**** Study material ****
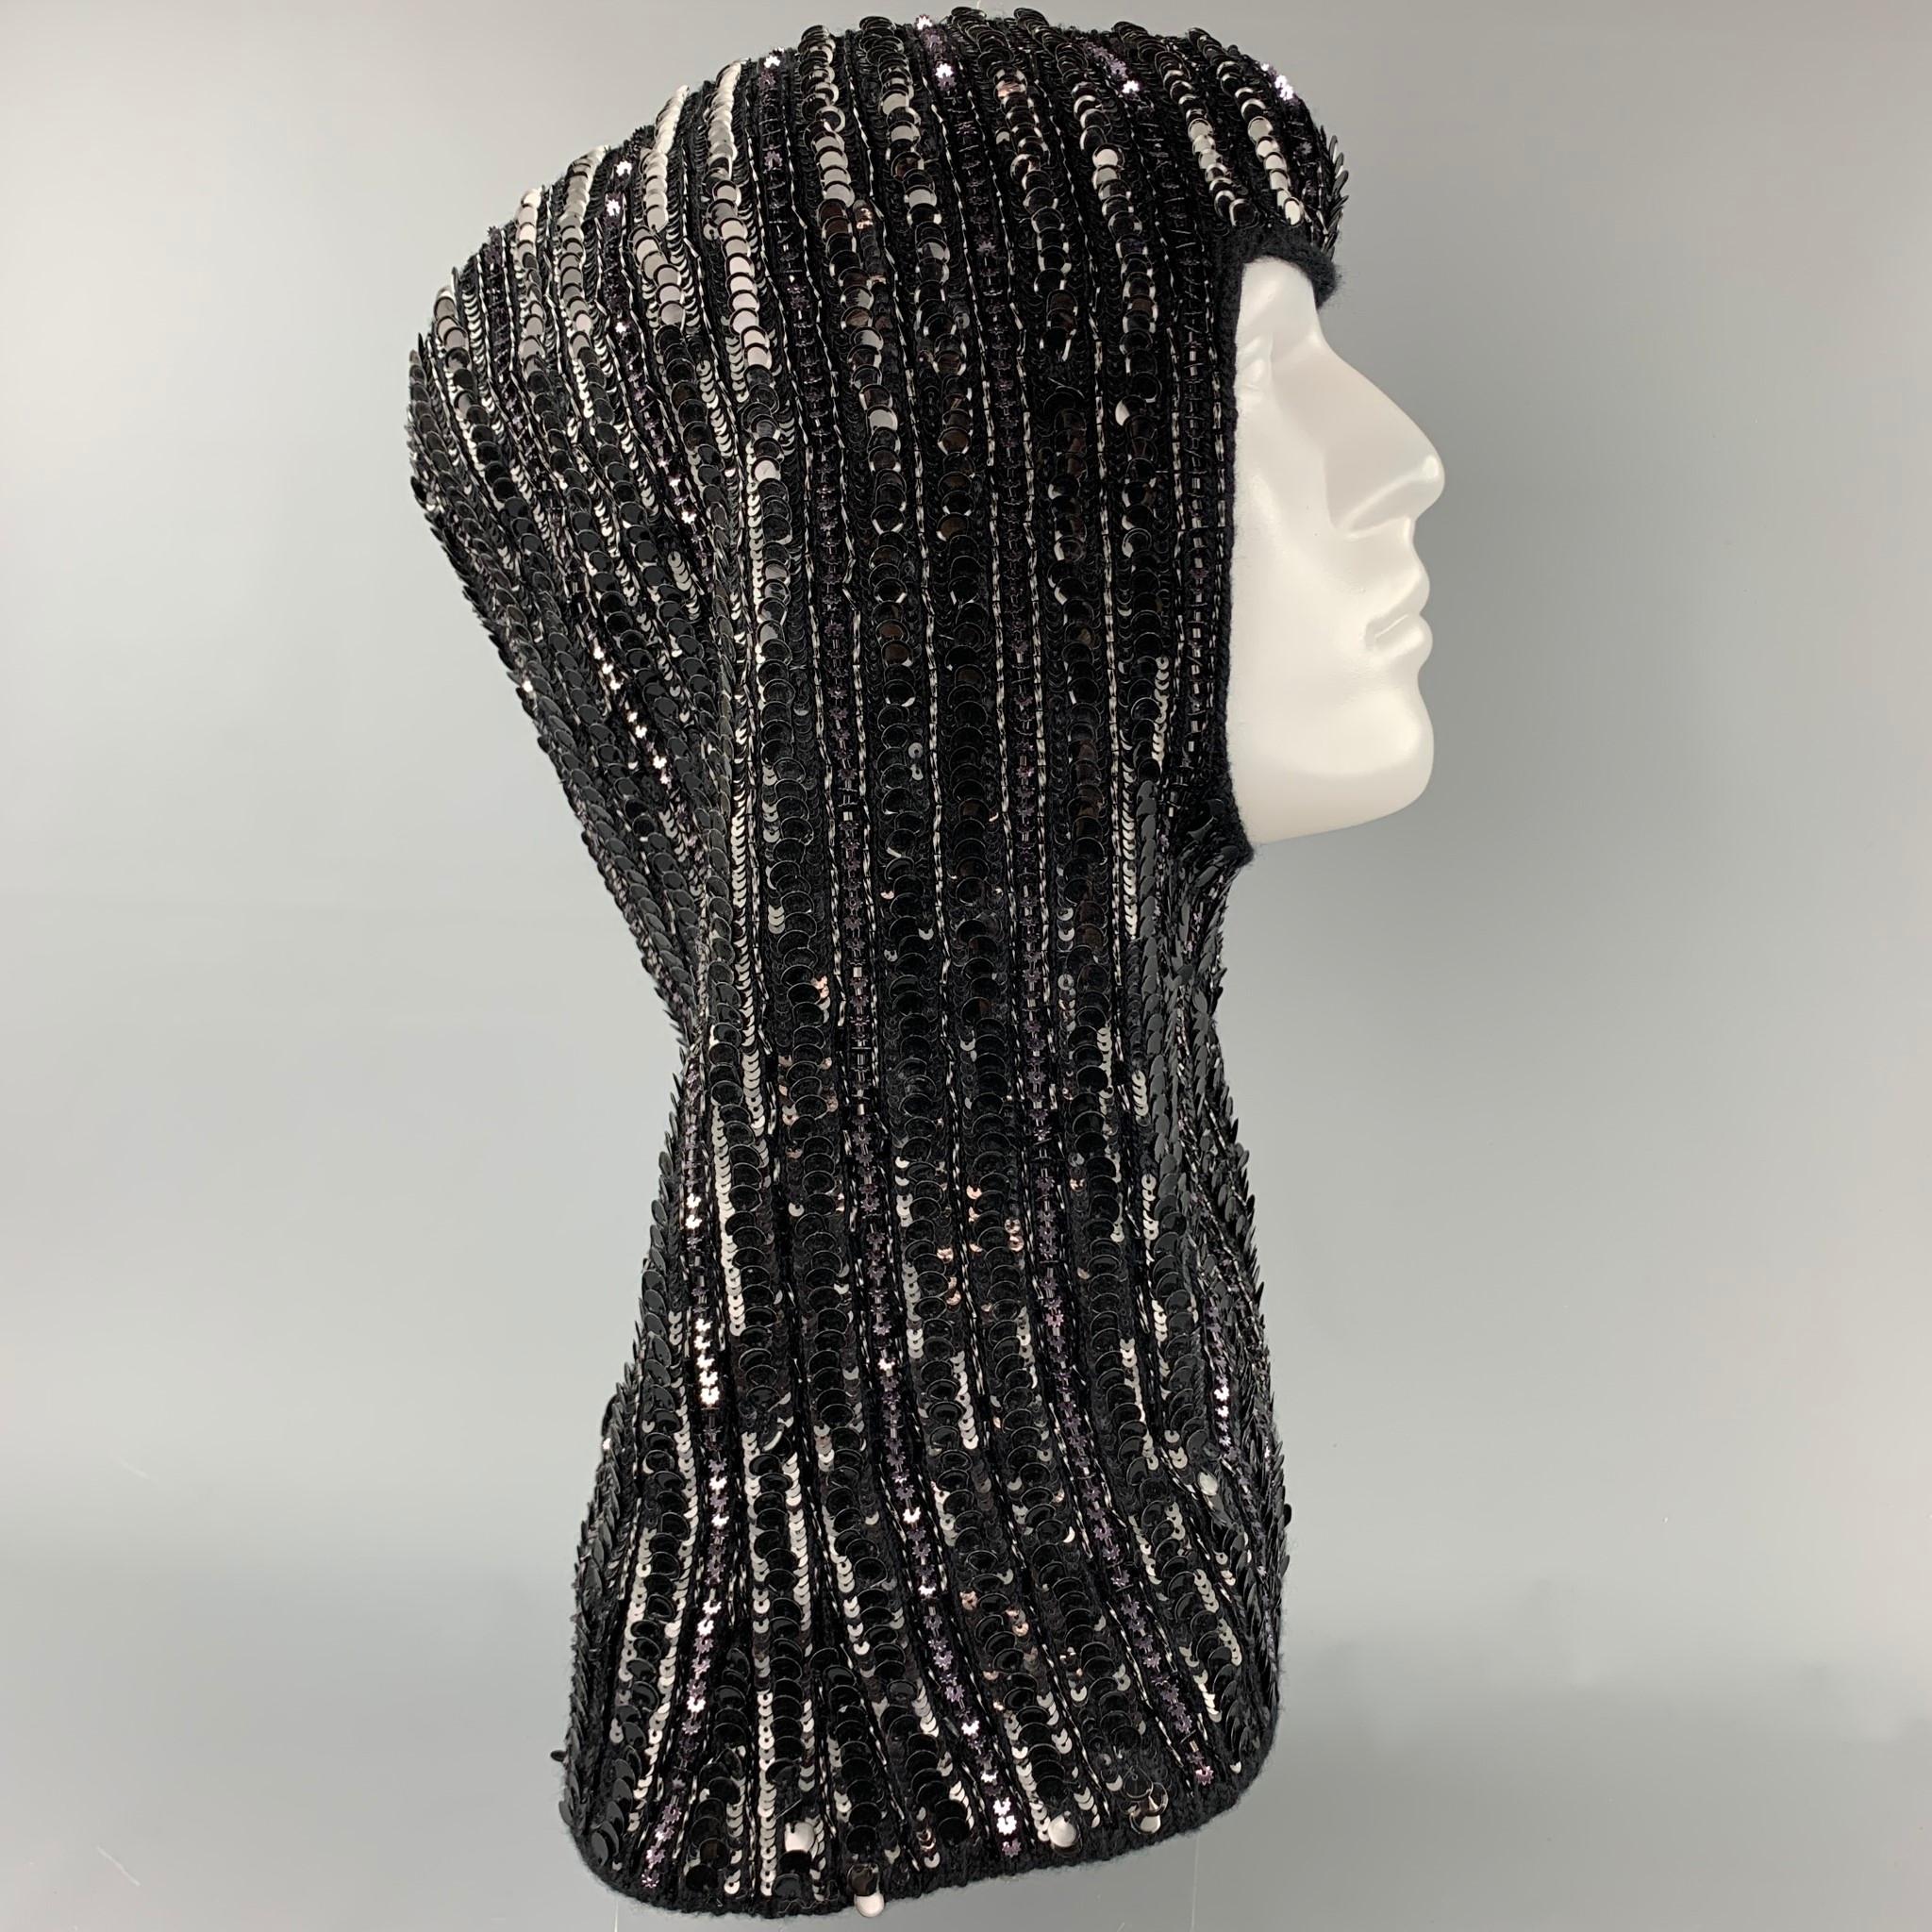 DOLCE & GABBANA hat comes in a black knitted sequin wool blend featuring a hood scarf style. Comes with box. Made in Italy.

New With Tags. 
Marked: PZ
Original Retail Price: $2,055.00

Measurements:

Length: 19.5 in.
Width: 15.5 in.
Opening: 12 in.
****
| Exercise instructions |
Transcribe the entries word for word, without their pictures.

| Exercise response |
 DOLCE & GABBANA hat comes in a black knitted sequin wool blend featuring a hood scarf style. Comes with box. Made in Italy.

New With Tags. 
Marked: PZ
Original Retail Price: $2,055.00

Measurements:

Length: 19.5 in.
Width: 15.5 in.
Opening: 12 in.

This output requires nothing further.